Another redevelopment plan for south Napa's Food City center


Tall palm trees and planters filled with leafy shrubs. Outdoor seating, umbrellas, and market lights. A reclaimed breezeway with room for neighbors to gather. New art and hand-painted signs, including a monument-style marker.

Such are just a few of the improvements part of a revamped plan for south Napa’s Food City center at the intersection of Jefferson Street and Old Sonoma Road in south Napa.

Developer Joe Rossi, who took over the project earlier this year, has filed an application with the city for approval of exterior renovations of the shopping center, which is listed as a local landmark on the city's historic resources inventory.

“I love that iconic front building,” said Rossi on Wednesday. “I see the vision” of the remodeled center, he said. The tenants and space will draw families and the neighbors, he predicted.

Take a tour of Napa's Food City, a classic art deco shopping center. Today, the center has a new majority owner with plans for redevelopment.

“It’s all oriented to family and the neighborhood,” said Rossi. “We’re not making a tourist destination. It’s for the neighborhood.”

Rossi said eight storefronts that face the parking lot will be remodeled. From east to west, they include a future restaurant, a future market, Galaxy Smoke Shop, incoming tenant Naysayer Coffee Roasters, Rosemery’s Haircuts, an available space, La Hacienda Taquería, and A&B Market.

The House of Broken Dolly Art Foundation, currently open in part of the former Family Drug building at the center, is a temporary tenant, said Rossi.

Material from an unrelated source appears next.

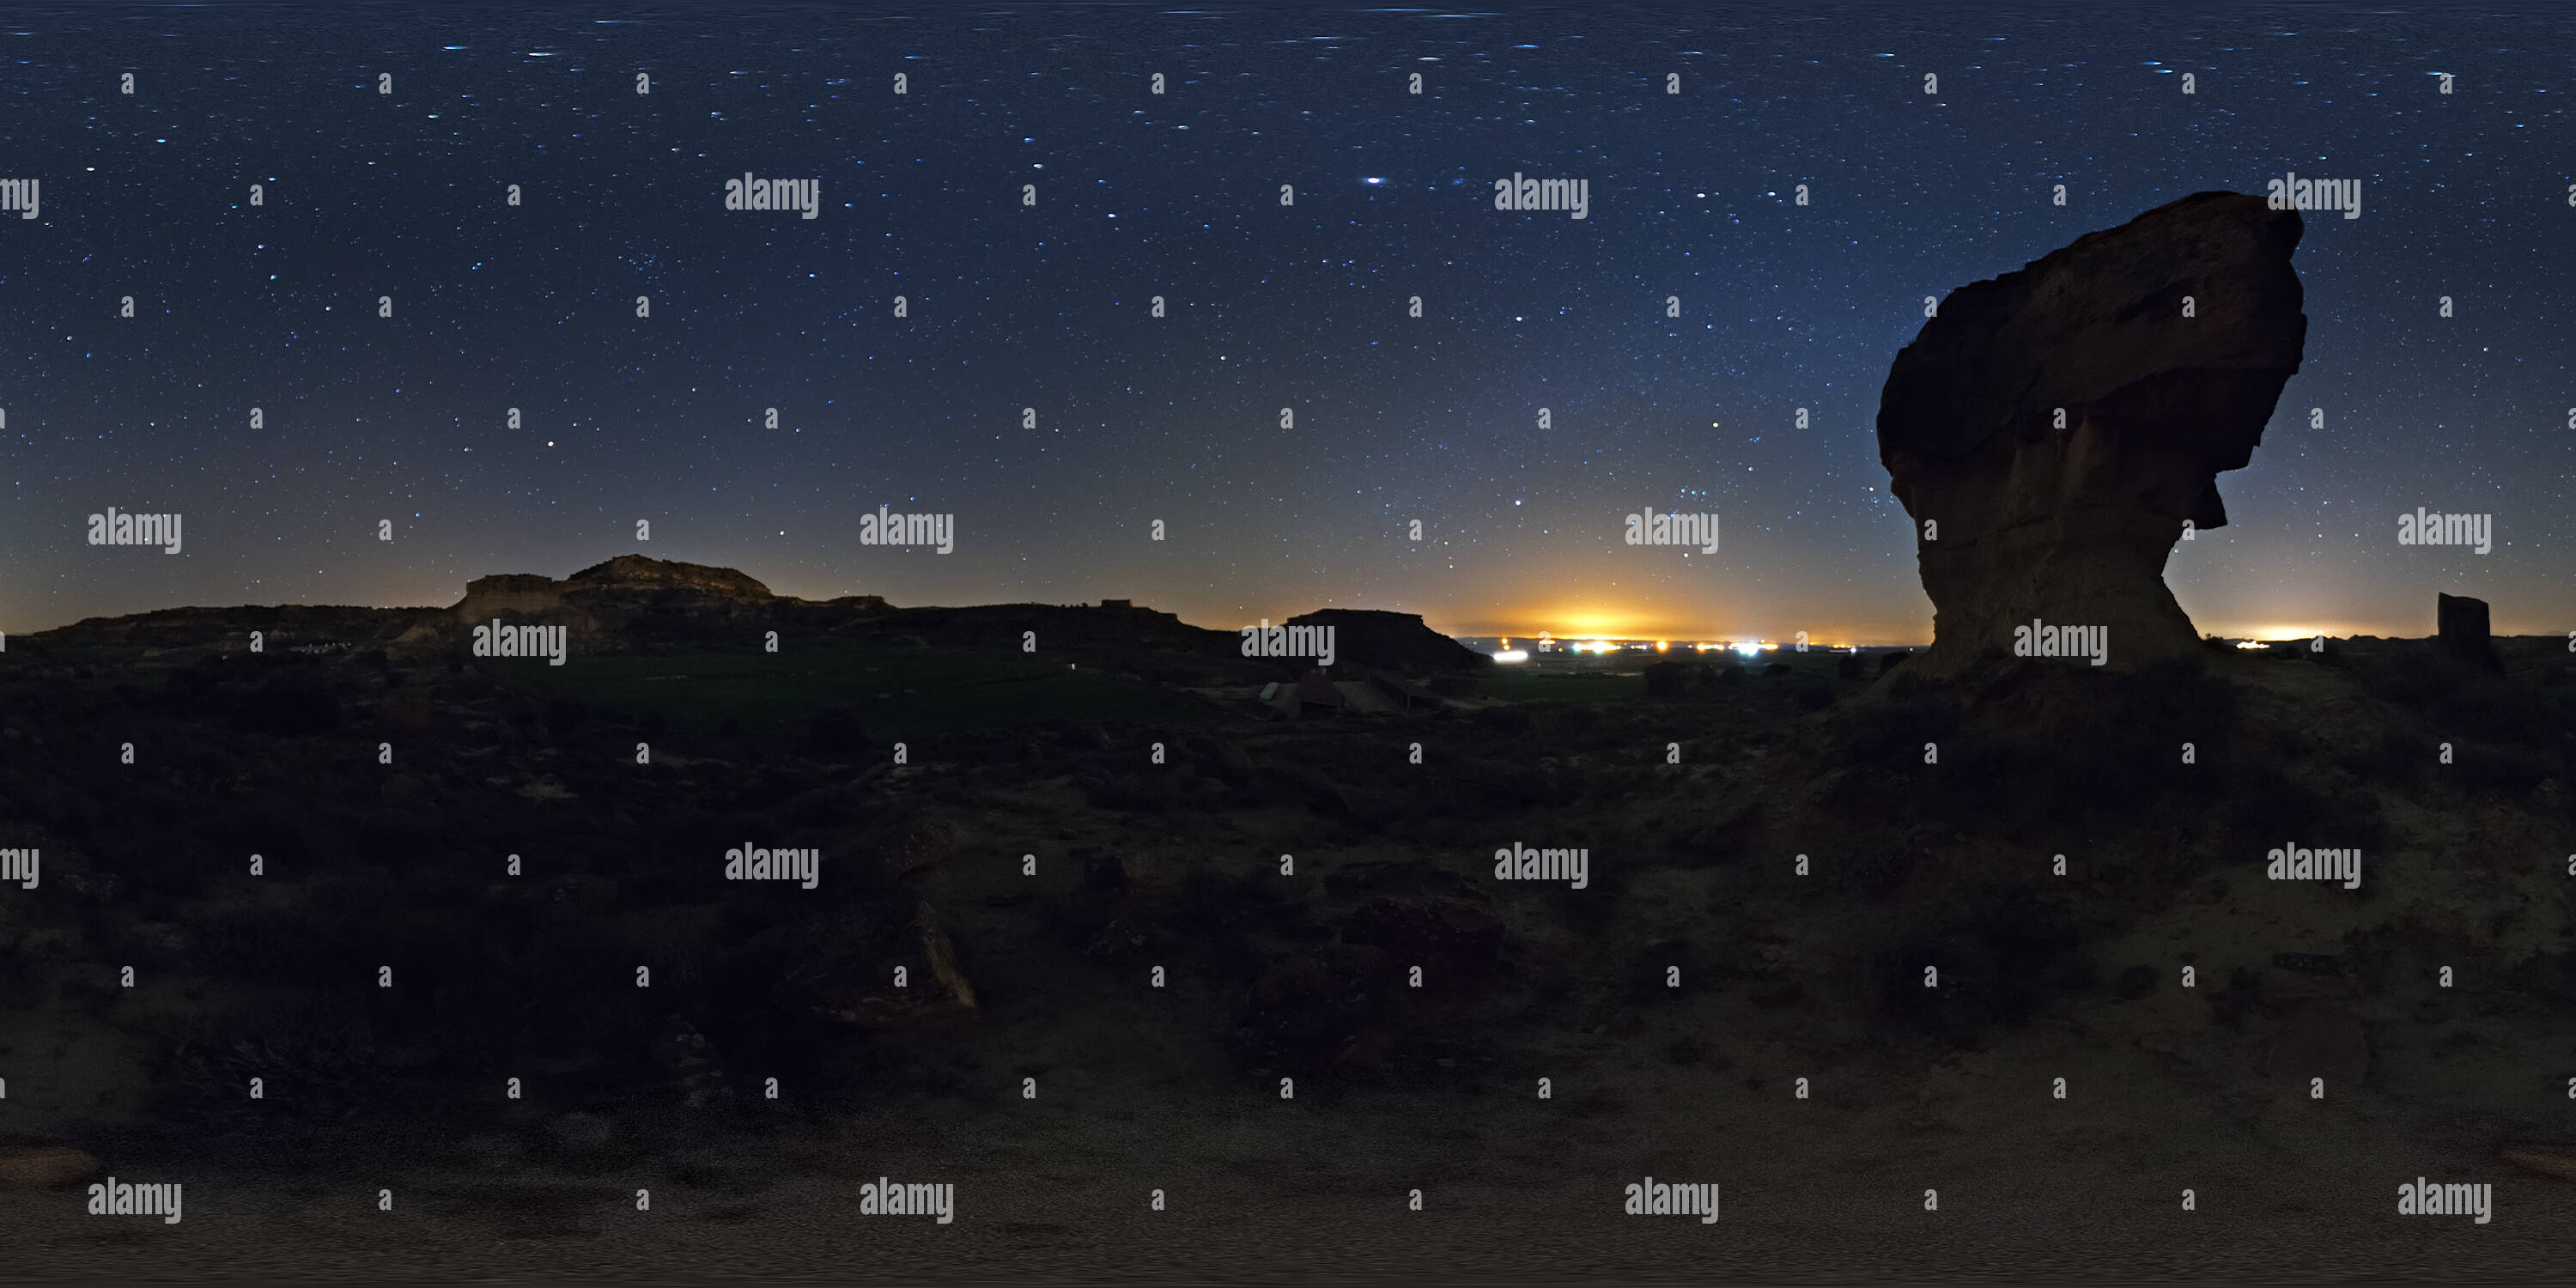 360 degree panoramic view of Noche estrellada

The first plans for upgrades to the Food City shopping center were announced shortly after it was sold in 2018.

In May of that year, Brooks Street and partner Michael C. Holcomb bought the south Napa center for $6.8 million from OSR Inc.

“We thought it was a great opportunity,” Scott Goldie, partner at Brooks Street, said at the time. Brooks Street and Noble House Hotels & Resorts co-own the Napa Valley Wine Train.

Goldie and Holcomb then announced a plan that would recast the building’s western portion into a “food hall” with eight tenants facing a common seating area, while bringing a variety of other tenants into the 24,590-square-foot venue. It was viewed as a mini Oxbow Public Market-style complex.

However, the redevelopment did not progress. In March, Brooks Street sold its interest in the property to Rossi, with Holcomb remaining a partner.)

At the time of his investment, Rossi said the original idea to create a destination featuring market stalls, an interior hall, and artisan shops, “was too grandiose of a plan” to pencil out financially. That left the project stuck, he said.

Chris Vecera of Naysayer Coffee Roasters said he’s had his eye on the Food City project for some time.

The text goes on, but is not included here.